Des cas comme celui de cette couturière,
pullulent au Togo et ce sont les petits artisans, les
petits revendeurs qui font quotidiennement les frais
d’une horde de percepteurs très corrompus. Quand
ceux-ci vous fixent le montant à payer et que vous
n’avez pas la somme nécessaire, ils vous proposent
sans gêne de
« fermer » les yeux sur votre cas
si vous consentez à leur « glisser » quelque
chose.
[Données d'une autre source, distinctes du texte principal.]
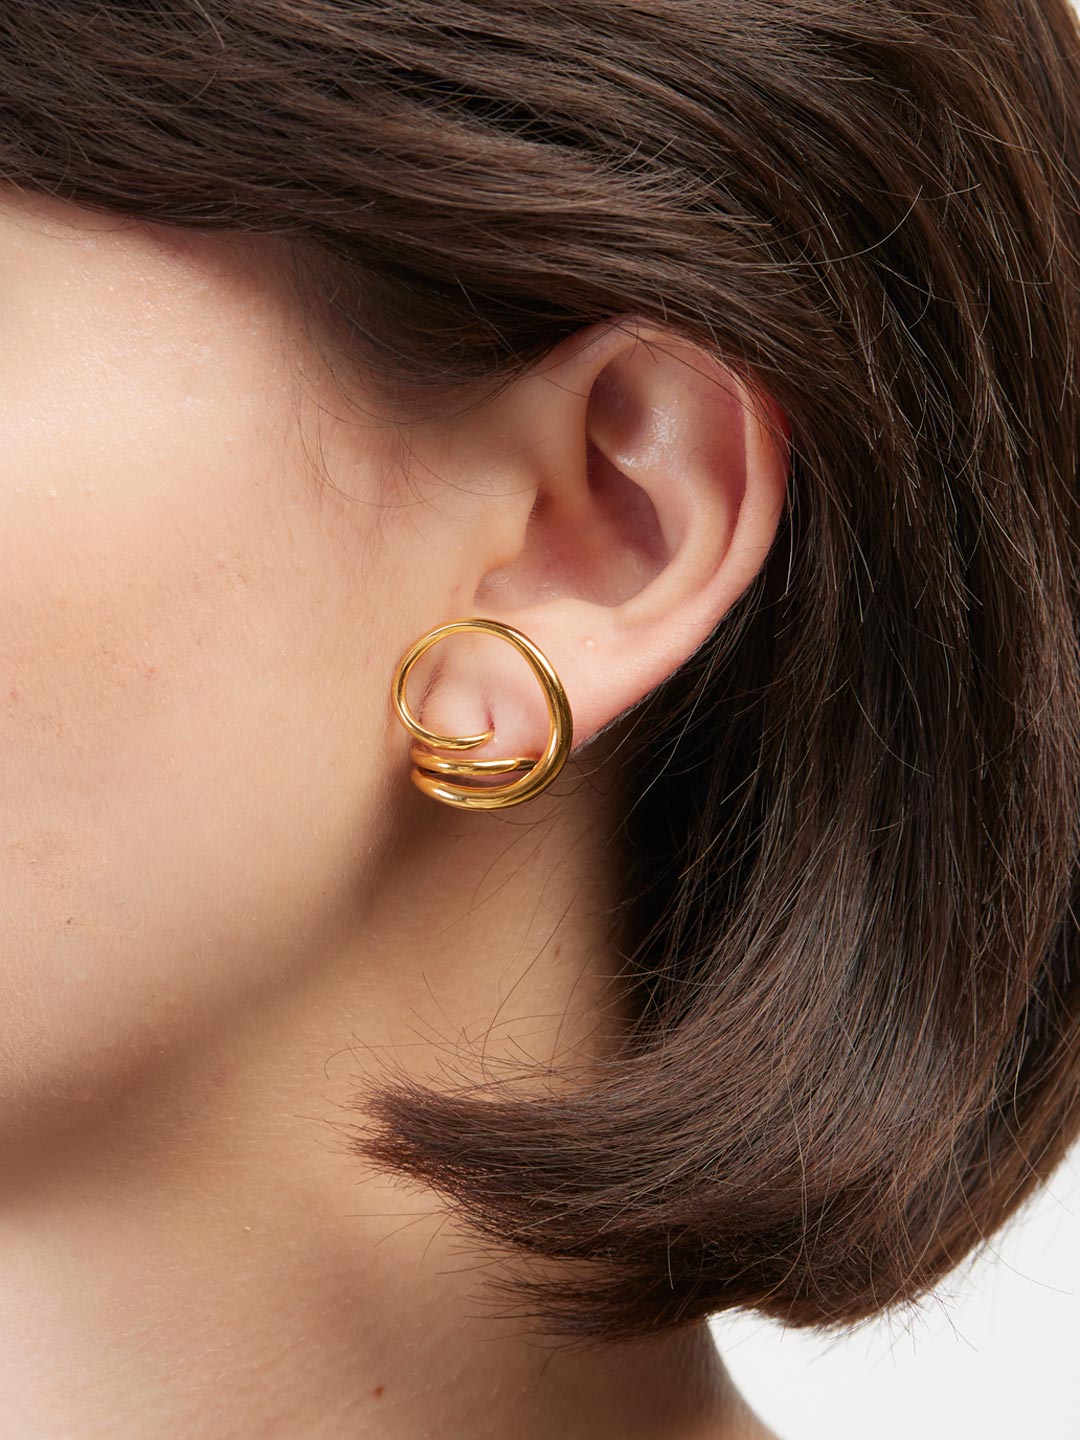 Round Trip PAIR Pierced Earrings - Yellow Gold

Vous pouvez ainsi faire vos affaires et ne rien
verser comme impôts toutes les années,
si vous avez quelque chose pour la poche du percepteur
chaque fois que ce dernier passe.
Dans ces conditions une grande partie
des impôts se transforme en dessous de table et en
pots de vins qui vont gonfler uniquement les comptes
des percepteurs et de certains inspecteurs des impôts.
Avec les petites boutiques et épiceries,
la recette est toute simple. Soit vous payez la somme
qui vous est imposée ou vous trouvez quelque chose aux
percepteurs et vous pouvez continuer tranquillement
vos activités, soit vous n’avez pas les moyens et vos
activités sont stoppées jusqu’à nouvel ordre. Et dans
ce cas, une affiche géante
« FERME POUR NON
PAIEMENT D’IMPOTS » est collée sur la porte de
votre épicerie. Mais avec les grandes sociétés, c’est
plus difficile d’opérer avec ce schéma très simple.
Dans ce cas, on fait appel à des techniques très
pointues de fraudes fiscales et dans d’autres cas on
aide les sociétés à organiser une vaste évasion
fiscale.
Les fausses déclarations de revenus et
de chiffres d’affaires, le tripatouillage des bilans,
des registres de comptabilité, les pots de vins aux
contrôleurs et inspecteurs des impôts, le trafic
d’influence par le biais des barons du régime, les
coups de fil à tel ou tel Général de l’armée à qui on
offre régulièrement des faveurs, appel à des
démarcheurs; des comportements qui sont devenus
monnaie courante dans de nombreuses sociétés de la
place qui profitent ainsi de la cupidité de leurs
interlocuteurs pour amasser des fortunes.
Il faut mentionner que de nombreuses
sociétés appartenant à des membres de la famille
présidentielle ou proche de ceux-ci, ne versent même
pas un seul franc comme impôts. Ces sociétés, pour la
plupart virtuelles sans véritables bases juridiques,
sont très souvent
« survolées » lors des
contrôles de routine !
Et pour combler tout ce manque à gagner,
les services des impôts se rabattent avec toute une
rigueur déplacée et intéressée sur les petits
contribuables qu’ils peuvent facilement influencer.
Chaque mois, le Togo perd ainsi des
milliards de francs CFA de son assiette fiscale, non
pas parce que les petits contribuables paient
difficilement, mais à cause des fraudes et autres
comportements délictueux orchestrés par de grandes
sociétés, des hommes du pouvoir et avec la complicité
de certains corrompus du service des impôts.